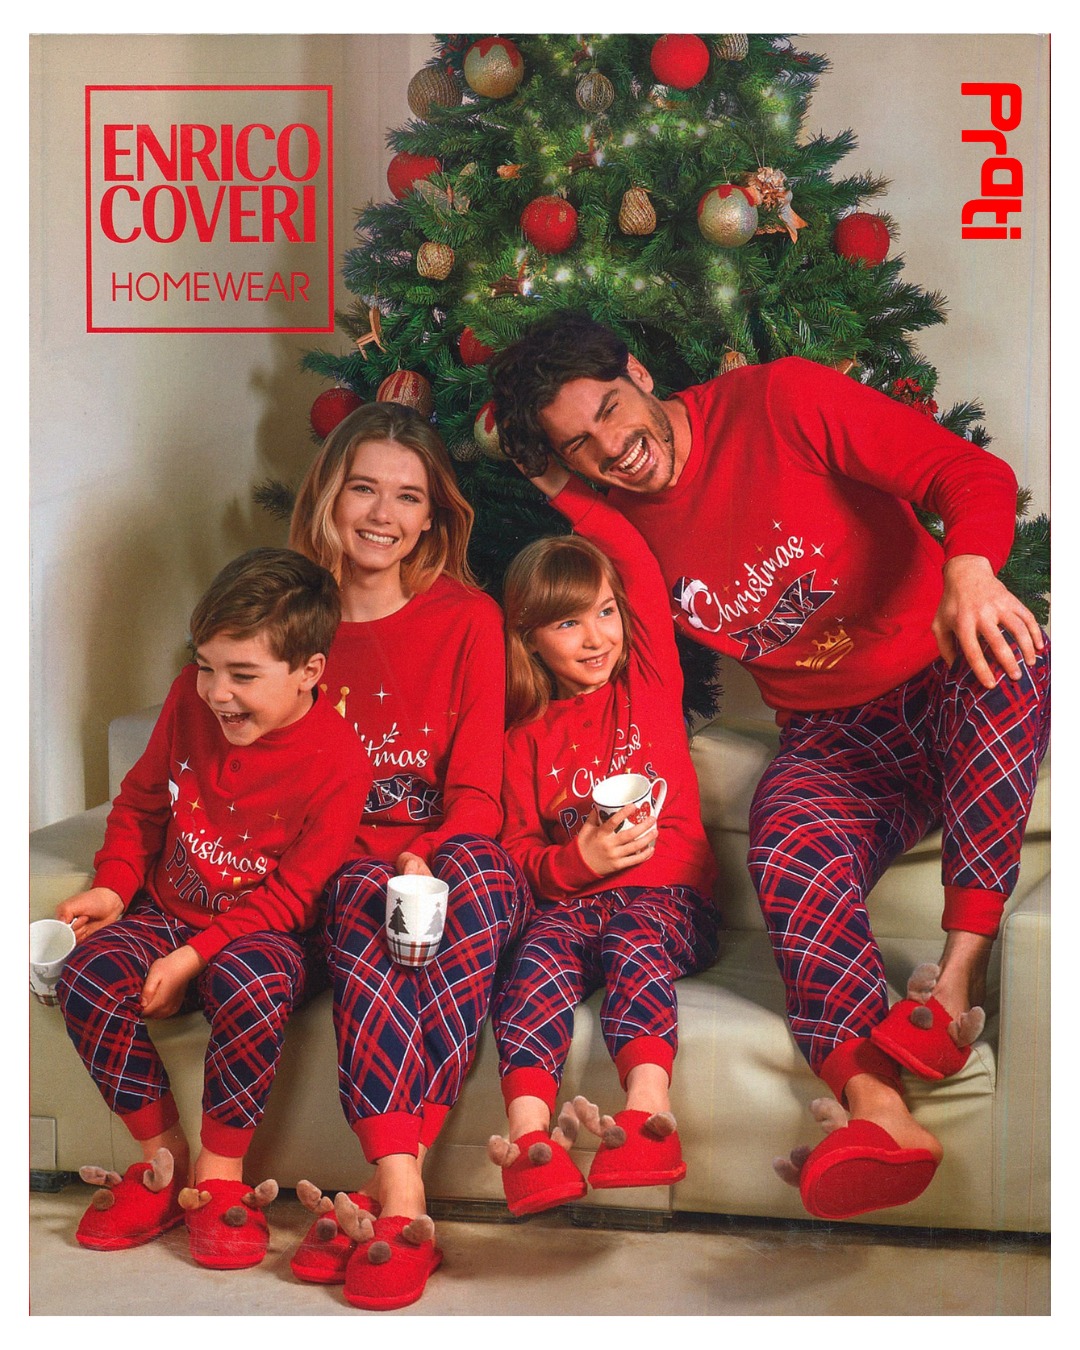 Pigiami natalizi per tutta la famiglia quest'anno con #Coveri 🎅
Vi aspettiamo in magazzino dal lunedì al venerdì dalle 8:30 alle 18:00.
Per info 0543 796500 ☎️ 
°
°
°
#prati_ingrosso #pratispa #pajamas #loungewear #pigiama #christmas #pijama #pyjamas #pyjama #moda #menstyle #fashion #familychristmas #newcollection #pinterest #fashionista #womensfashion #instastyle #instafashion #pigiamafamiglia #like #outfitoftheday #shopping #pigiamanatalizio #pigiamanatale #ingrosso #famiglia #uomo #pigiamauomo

### WORK INSTRUCTIONS
Keep the pictures out and print all the records exactly as they are.

### EXERCISE SOLUTION
 Pigiami natalizi per tutta la famiglia quest'anno con #Coveri 🎅
Vi aspettiamo in magazzino dal lunedì al venerdì dalle 8:30 alle 18:00.
Per info 0543 796500 ☎️ 
°
°
°
#prati_ingrosso #pratispa #pajamas #loungewear #pigiama #christmas #pijama #pyjamas #pyjama #moda #menstyle #fashion #familychristmas #newcollection #pinterest #fashionista #womensfashion #instastyle #instafashion #pigiamafamiglia #like #outfitoftheday #shopping #pigiamanatalizio #pigiamanatale #ingrosso #famiglia #uomo #pigiamauomo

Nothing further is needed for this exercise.